**Work order**. Only one stretch of the data is wanted: the line containing "MPW Plaza® Retro", the line containing "Goldene Lampe #2", and every line between them, copied exactly.

Start of Extracted records

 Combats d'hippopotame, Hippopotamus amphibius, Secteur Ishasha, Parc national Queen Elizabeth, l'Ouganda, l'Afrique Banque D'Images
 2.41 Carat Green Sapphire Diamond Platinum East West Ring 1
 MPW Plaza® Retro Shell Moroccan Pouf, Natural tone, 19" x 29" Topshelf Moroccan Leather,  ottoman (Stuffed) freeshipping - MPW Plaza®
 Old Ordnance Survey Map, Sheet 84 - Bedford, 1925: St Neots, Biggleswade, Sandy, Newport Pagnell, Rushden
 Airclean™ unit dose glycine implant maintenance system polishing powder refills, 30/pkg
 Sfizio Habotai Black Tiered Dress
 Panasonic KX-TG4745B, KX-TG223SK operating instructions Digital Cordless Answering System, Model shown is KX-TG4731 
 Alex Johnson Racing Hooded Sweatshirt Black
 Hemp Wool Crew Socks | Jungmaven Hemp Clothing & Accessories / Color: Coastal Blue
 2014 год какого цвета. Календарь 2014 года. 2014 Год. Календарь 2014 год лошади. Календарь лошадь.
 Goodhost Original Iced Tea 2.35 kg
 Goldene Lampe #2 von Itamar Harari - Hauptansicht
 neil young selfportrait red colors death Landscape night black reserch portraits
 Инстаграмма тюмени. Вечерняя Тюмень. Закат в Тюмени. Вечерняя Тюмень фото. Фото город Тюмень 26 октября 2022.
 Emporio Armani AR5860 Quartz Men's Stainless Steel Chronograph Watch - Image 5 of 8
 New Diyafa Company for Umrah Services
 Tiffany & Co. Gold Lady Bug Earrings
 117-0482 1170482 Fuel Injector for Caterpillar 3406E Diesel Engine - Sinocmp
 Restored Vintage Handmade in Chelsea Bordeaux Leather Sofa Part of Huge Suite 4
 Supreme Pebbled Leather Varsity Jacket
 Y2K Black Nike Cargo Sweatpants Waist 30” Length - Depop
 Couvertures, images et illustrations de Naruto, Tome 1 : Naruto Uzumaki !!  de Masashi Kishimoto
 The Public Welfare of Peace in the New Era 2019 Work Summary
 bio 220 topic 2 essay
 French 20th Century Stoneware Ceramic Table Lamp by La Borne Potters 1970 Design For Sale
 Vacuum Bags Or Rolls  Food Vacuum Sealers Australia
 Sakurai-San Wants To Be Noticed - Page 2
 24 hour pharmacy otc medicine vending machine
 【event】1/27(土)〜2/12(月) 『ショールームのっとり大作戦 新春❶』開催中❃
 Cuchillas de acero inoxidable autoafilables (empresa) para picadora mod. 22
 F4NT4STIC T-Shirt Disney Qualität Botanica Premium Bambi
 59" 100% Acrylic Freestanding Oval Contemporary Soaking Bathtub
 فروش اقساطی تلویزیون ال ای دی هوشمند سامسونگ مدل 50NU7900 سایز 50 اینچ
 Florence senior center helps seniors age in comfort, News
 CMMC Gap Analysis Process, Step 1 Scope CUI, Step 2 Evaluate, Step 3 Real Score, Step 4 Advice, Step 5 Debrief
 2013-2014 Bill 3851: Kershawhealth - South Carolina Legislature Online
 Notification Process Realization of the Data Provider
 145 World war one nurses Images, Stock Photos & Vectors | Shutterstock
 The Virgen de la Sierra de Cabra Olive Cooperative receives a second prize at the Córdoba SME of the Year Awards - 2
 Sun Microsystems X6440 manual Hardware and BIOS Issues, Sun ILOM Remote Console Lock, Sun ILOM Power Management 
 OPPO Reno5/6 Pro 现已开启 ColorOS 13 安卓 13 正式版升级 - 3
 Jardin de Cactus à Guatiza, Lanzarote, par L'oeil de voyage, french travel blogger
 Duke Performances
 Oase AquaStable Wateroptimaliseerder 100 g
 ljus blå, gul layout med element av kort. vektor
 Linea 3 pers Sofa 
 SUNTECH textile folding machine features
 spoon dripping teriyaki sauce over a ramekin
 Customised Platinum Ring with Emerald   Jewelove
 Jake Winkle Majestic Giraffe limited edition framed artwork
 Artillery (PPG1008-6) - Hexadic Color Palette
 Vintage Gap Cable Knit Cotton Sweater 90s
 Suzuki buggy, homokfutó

End of Extracted records

**Solution**.
 MPW Plaza® Retro Shell Moroccan Pouf, Natural tone, 19" x 29" Topshelf Moroccan Leather,  ottoman (Stuffed) freeshipping - MPW Plaza®
 Old Ordnance Survey Map, Sheet 84 - Bedford, 1925: St Neots, Biggleswade, Sandy, Newport Pagnell, Rushden
 Airclean™ unit dose glycine implant maintenance system polishing powder refills, 30/pkg
 Sfizio Habotai Black Tiered Dress
 Panasonic KX-TG4745B, KX-TG223SK operating instructions Digital Cordless Answering System, Model shown is KX-TG4731 
 Alex Johnson Racing Hooded Sweatshirt Black
 Hemp Wool Crew Socks | Jungmaven Hemp Clothing & Accessories / Color: Coastal Blue
 2014 год какого цвета. Календарь 2014 года. 2014 Год. Календарь 2014 год лошади. Календарь лошадь.
 Goodhost Original Iced Tea 2.35 kg
 Goldene Lampe #2 von Itamar Harari - Hauptansicht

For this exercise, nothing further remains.